Proof: $I_n + V$ is invertible if and only if $V=I_n$

Question

So I know there are some related posts that tackle similar questions, but in my case, the conditions are slightly different. I have been thinking about this question, but I don't know where to begin.

It is given that $V^2 = I_n$

Prove that $(I_n + V)$ is invertible if and only if $V=I_n$

Could somebody help me? Or at least provide me with a hint?

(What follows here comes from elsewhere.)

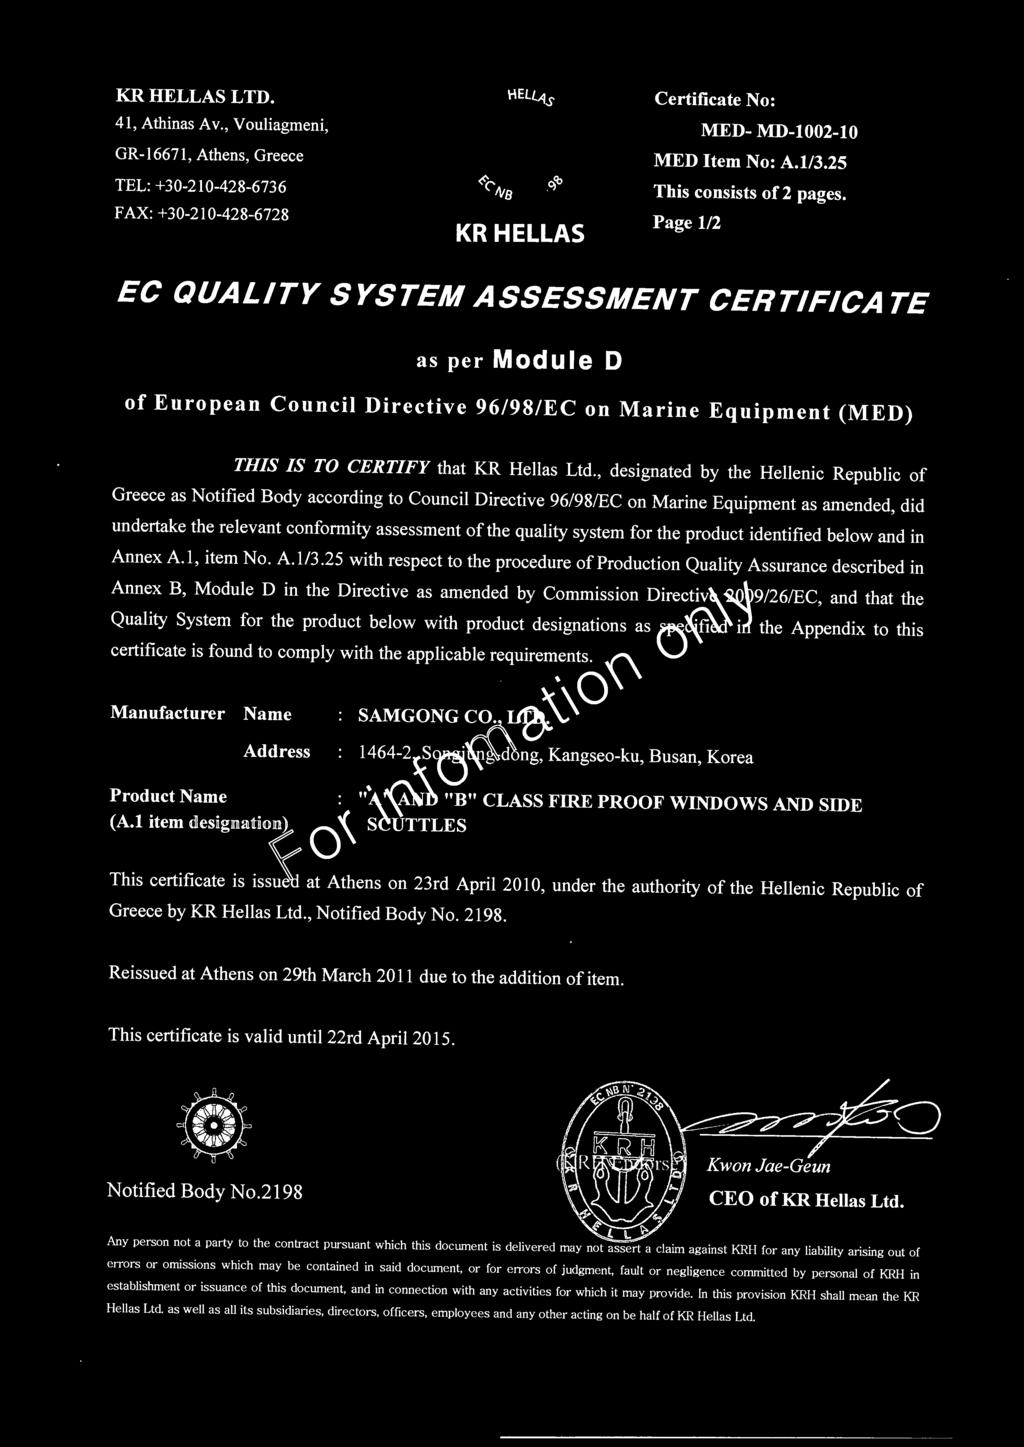 25 with respect to the procedure of Production Quality Assurance described in Annex B, Module D in the Directive as amended by Commission Direc~\ ~~ 9/26/EC, and that the Quality System for the

I have been thinking of using determinants, but I do not see how to apply that in this. (Also, I am not allowed to prove it by using eigenvalues)

Thank you!

Answer 1

$0=V^2-I=(V+I)(V-I)$. If $V+I$ is invertible, then $0=V-I$

Answer 2

The if direction is easy. For the other direction, if $I = (I+V)A$, then $V = V(I+V)A = (V+VV)A = (V+I)A = (I+V)A = I$.

Answer 3

$\bullet\;\;\;$Suppose first $I_n=V$.

Then $I_n+V=2I_n$ which is clearly invertible: its inverse is $\frac12I_n$.

$\bullet\;\;\;$Call now $B:=I_n+V$ and suppose it's invertible.

Then $$ B^2=I^2_n+V^2+2V=2(I_n+V)=2B; $$ now multiply both sides by $B^{-1}$ and get $$ B=I_n+V=2I_n $$ from which immediately $V=I_n$.